INPUT DATA.

--

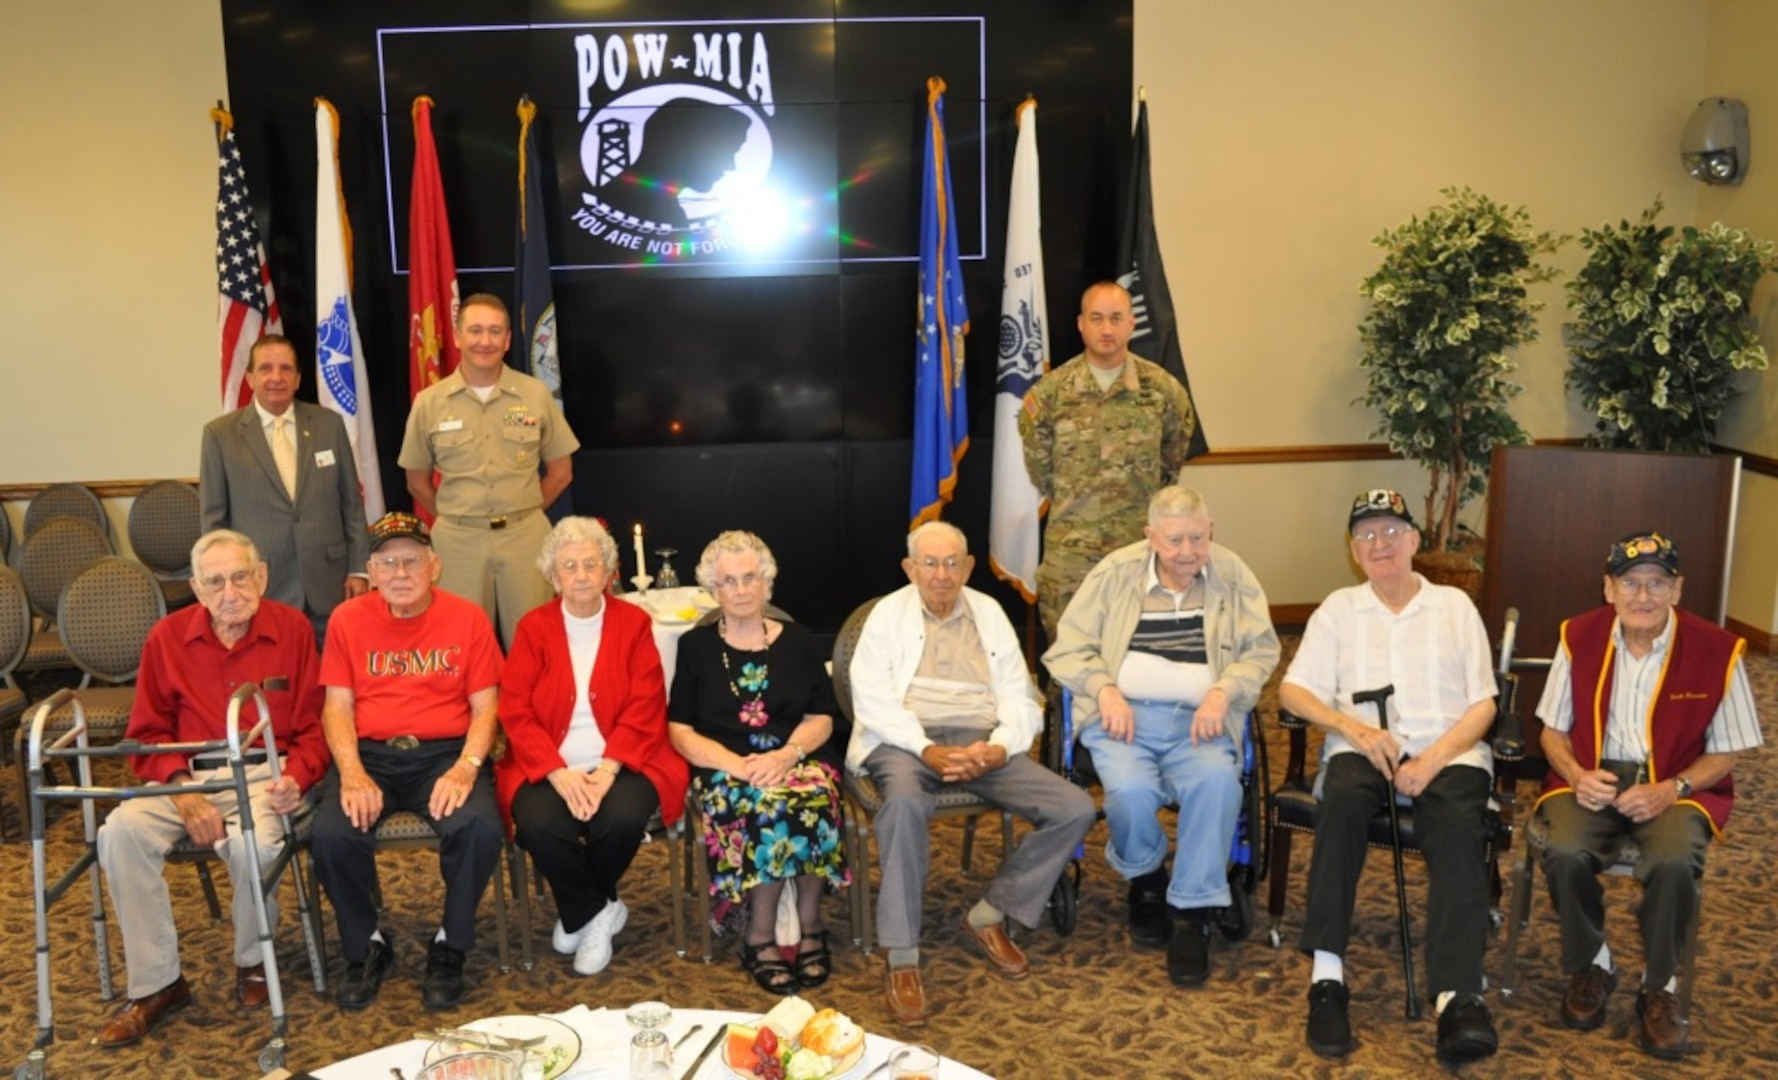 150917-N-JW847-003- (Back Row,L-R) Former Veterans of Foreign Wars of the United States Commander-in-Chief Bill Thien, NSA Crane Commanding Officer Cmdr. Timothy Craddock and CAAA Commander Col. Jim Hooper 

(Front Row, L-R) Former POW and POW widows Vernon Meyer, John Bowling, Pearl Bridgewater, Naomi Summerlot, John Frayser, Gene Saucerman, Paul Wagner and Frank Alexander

--

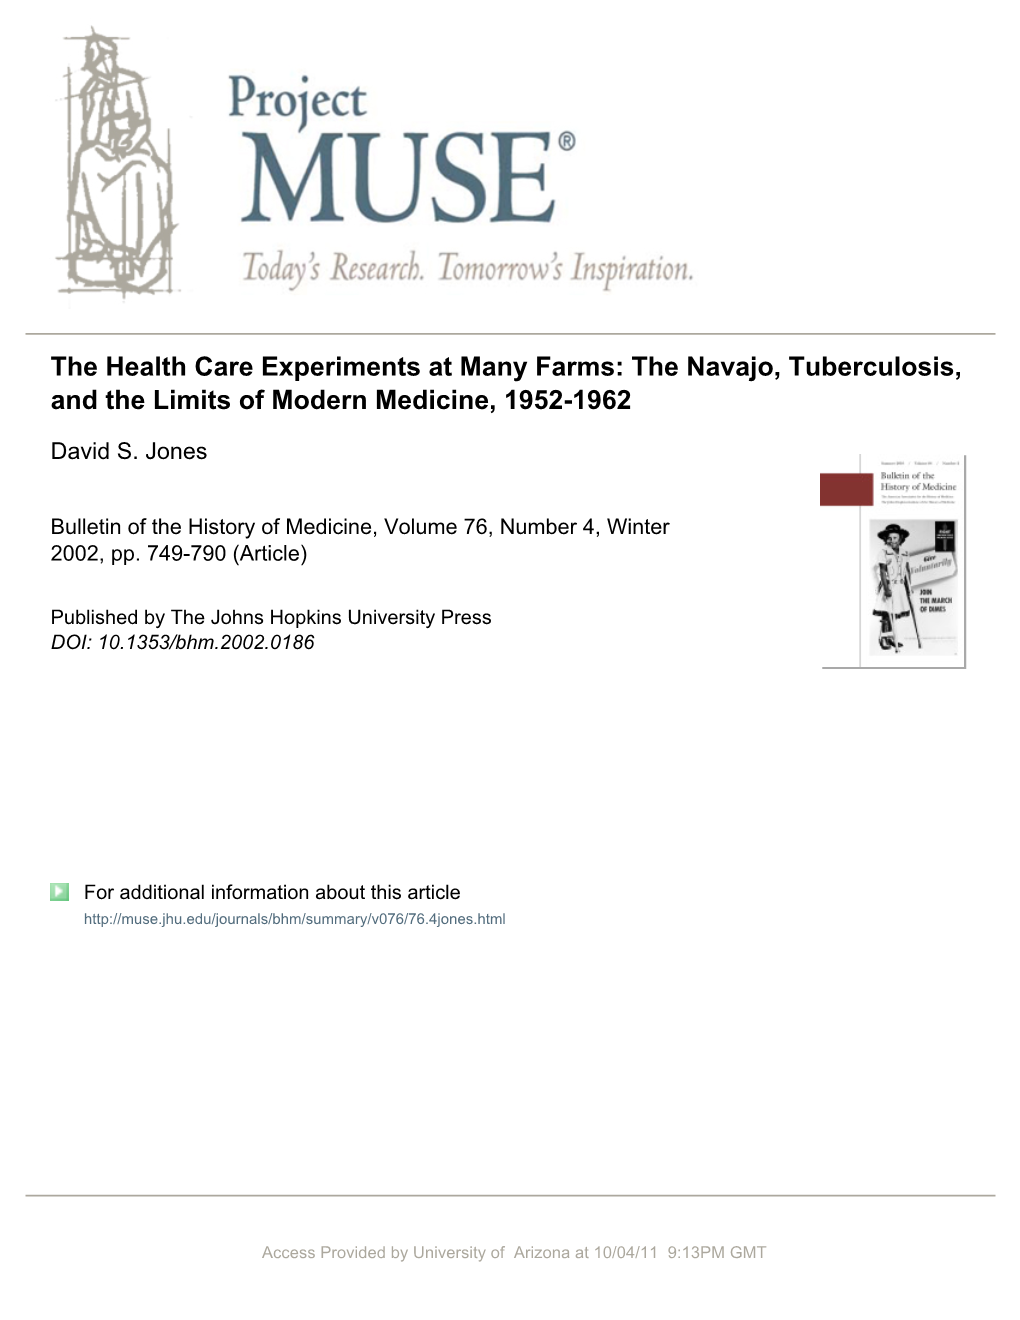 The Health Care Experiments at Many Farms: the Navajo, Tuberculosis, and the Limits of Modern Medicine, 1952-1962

--

WORK INSTRUCTIONS. Start at the line containing "150917-N-JW847-003- (Back Row,L-R)" above and stop at the line containing "(Front Row, L-R)". Output those lines exactly, both included, but none of the pictures.

WRITTEN ANSWER.
 150917-N-JW847-003- (Back Row,L-R) Former Veterans of Foreign Wars of the United States Commander-in-Chief Bill Thien, NSA Crane Commanding Officer Cmdr. Timothy Craddock and CAAA Commander Col. Jim Hooper 

(Front Row, L-R) Former POW and POW widows Vernon Meyer, John Bowling, Pearl Bridgewater, Naomi Summerlot, John Frayser, Gene Saucerman, Paul Wagner and Frank Alexander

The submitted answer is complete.